How Is Your Eye Color Determined?
While genetics play an important role in determining your eye color, it's been recently found that up to 16 genes play a role, with the two dominant ones being HERC2 and OCA2. While the OCA2 produces melanin, HERC2 is in charge of turning this gene off and on when necessary. With higher OCA2 activity, your eyes will be darker.
While previously thought to be impossible, a child's eye color may be different than both of their parents' eyes.
Two factors that influence how an eye color actually appears, include
- the amount of melanin in the eye's iris.
- how the light is scattered in the iris.

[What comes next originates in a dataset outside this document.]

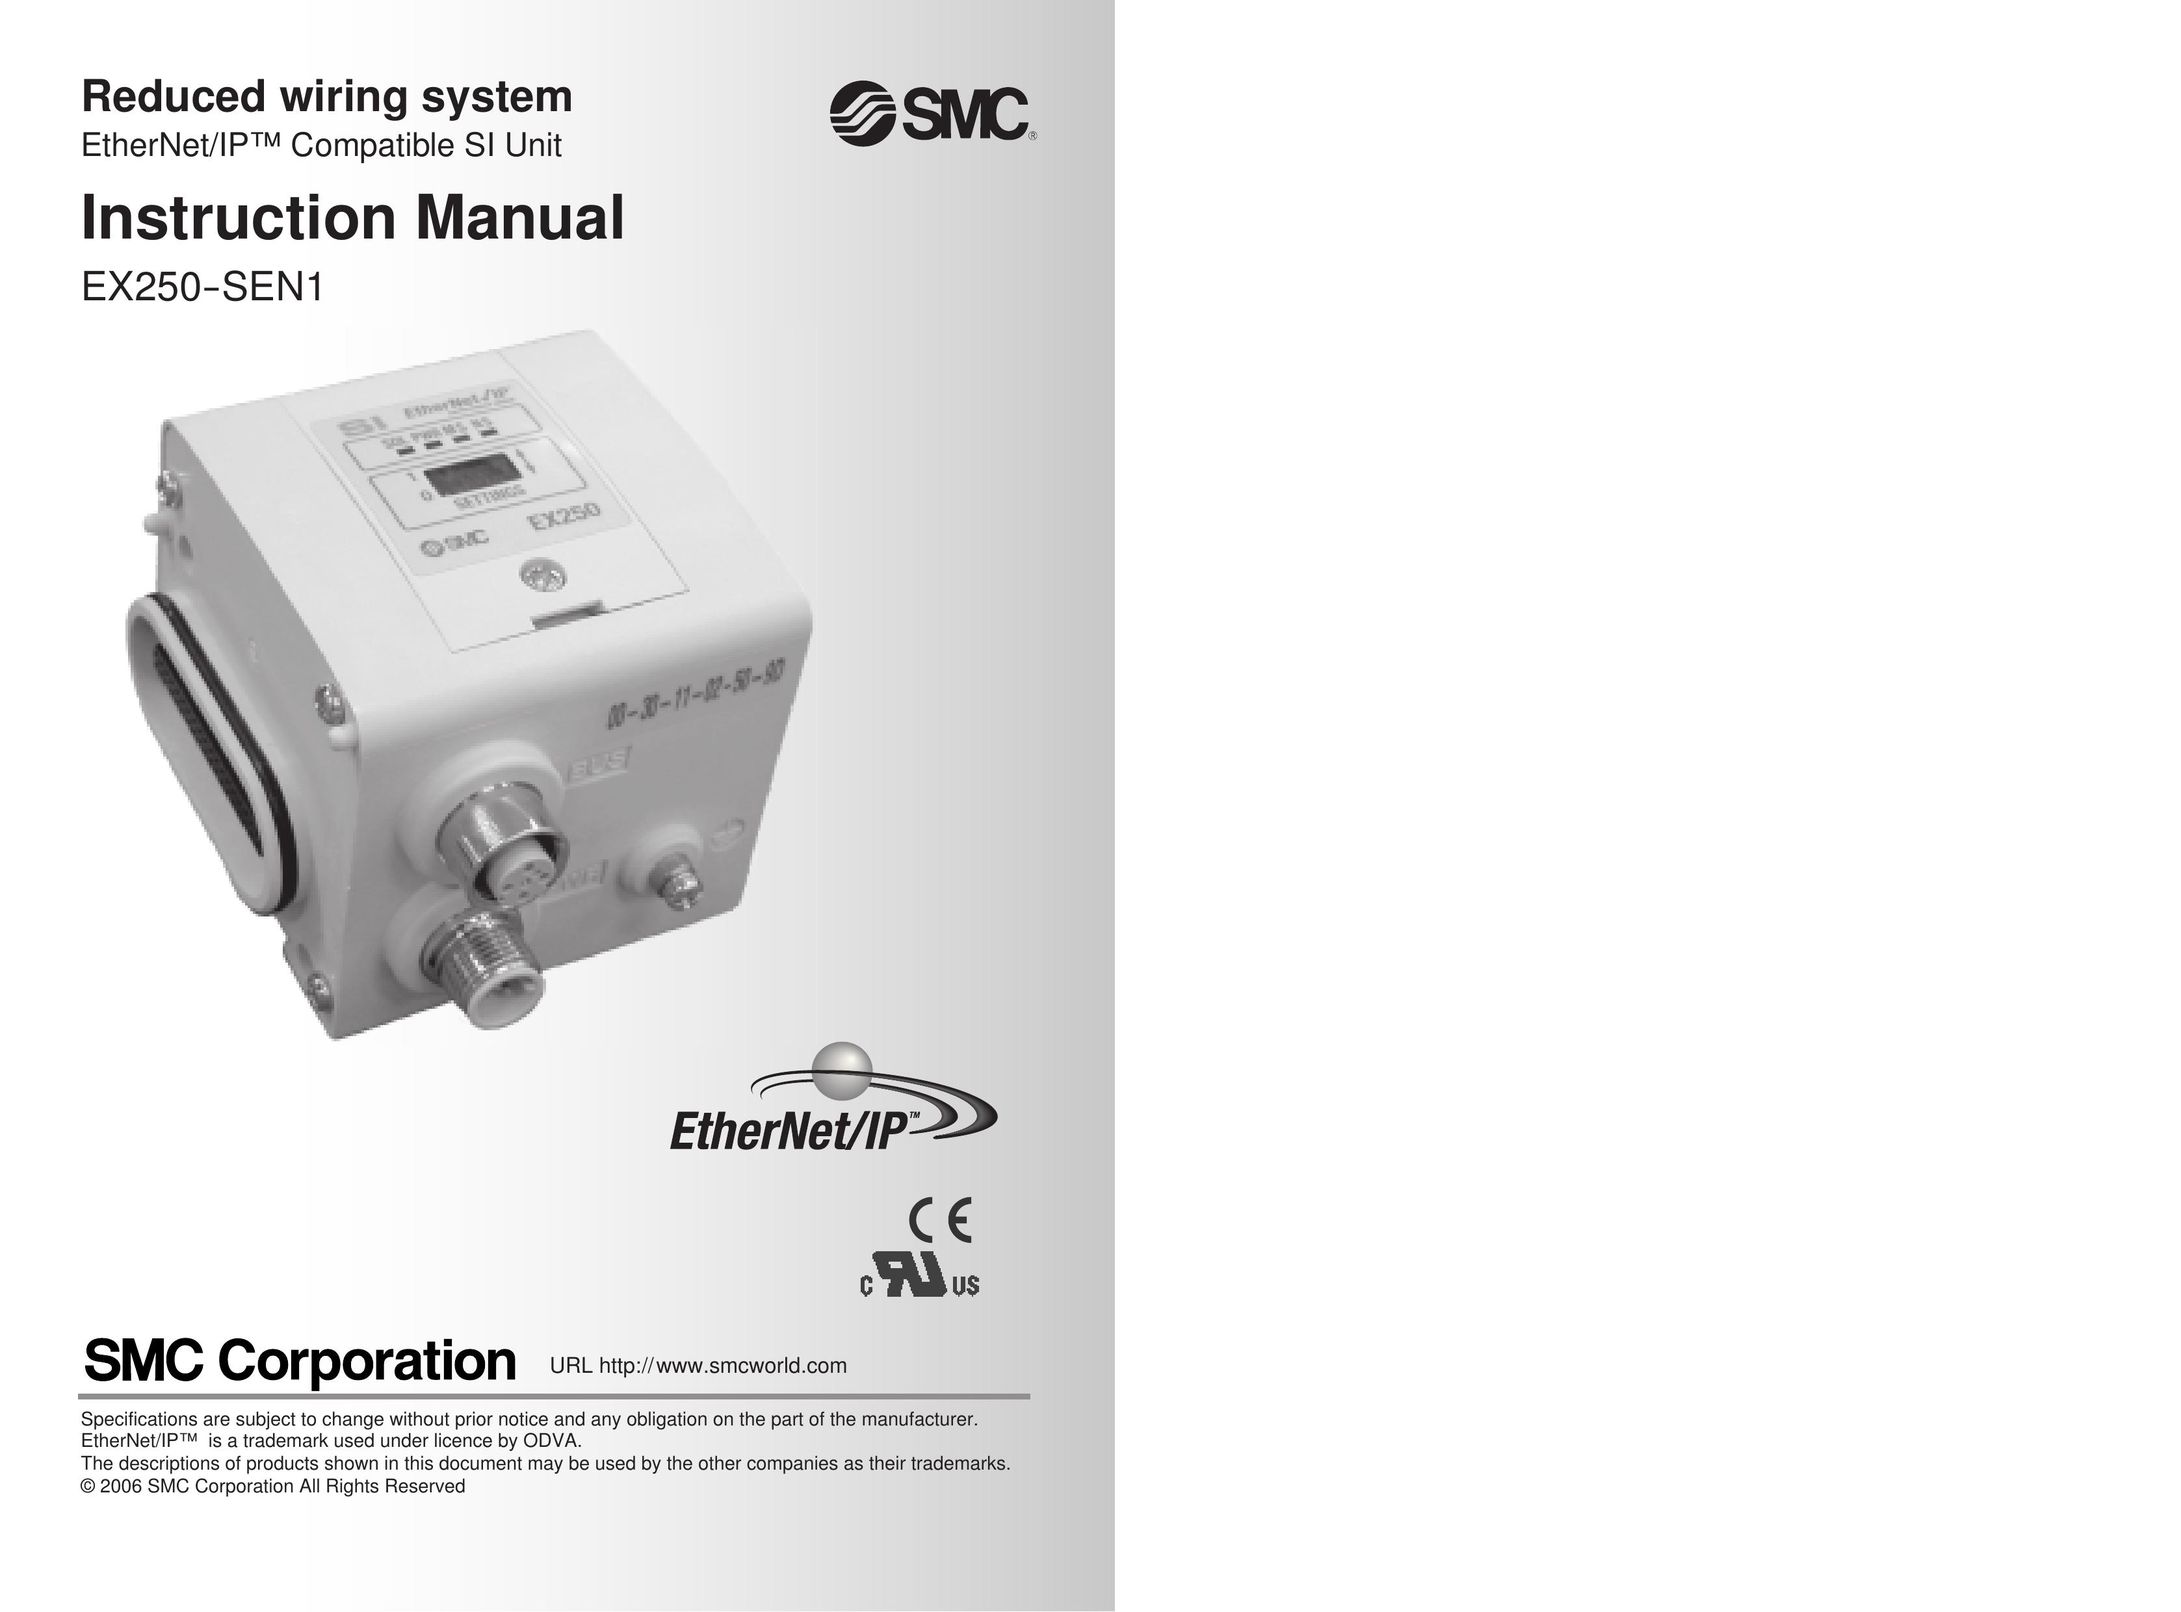 Sierra Monitor Corporation EX250-SEN1 Switch User Manual

Can Your Eye Color Change?
While it's possible a person's eye color can change due to puberty, trauma, pregnancy, and age, it is rare. However, it is impossible for your eyes to change color based on your mood, the temperature, time of day, etc. Your mood may change your pupil size, but it's not actually changing the color. If you notice your eyes do change, this is almost always due to lighting.
For individuals looking for a change, the best way to do this is via colored contact lenses. While this is only temporary, it can be a fun way to play around with different looks.
This content is accurate and true to the best of the author’s knowledge and is not meant to substitute for formal and individualized advice from a qualified professional.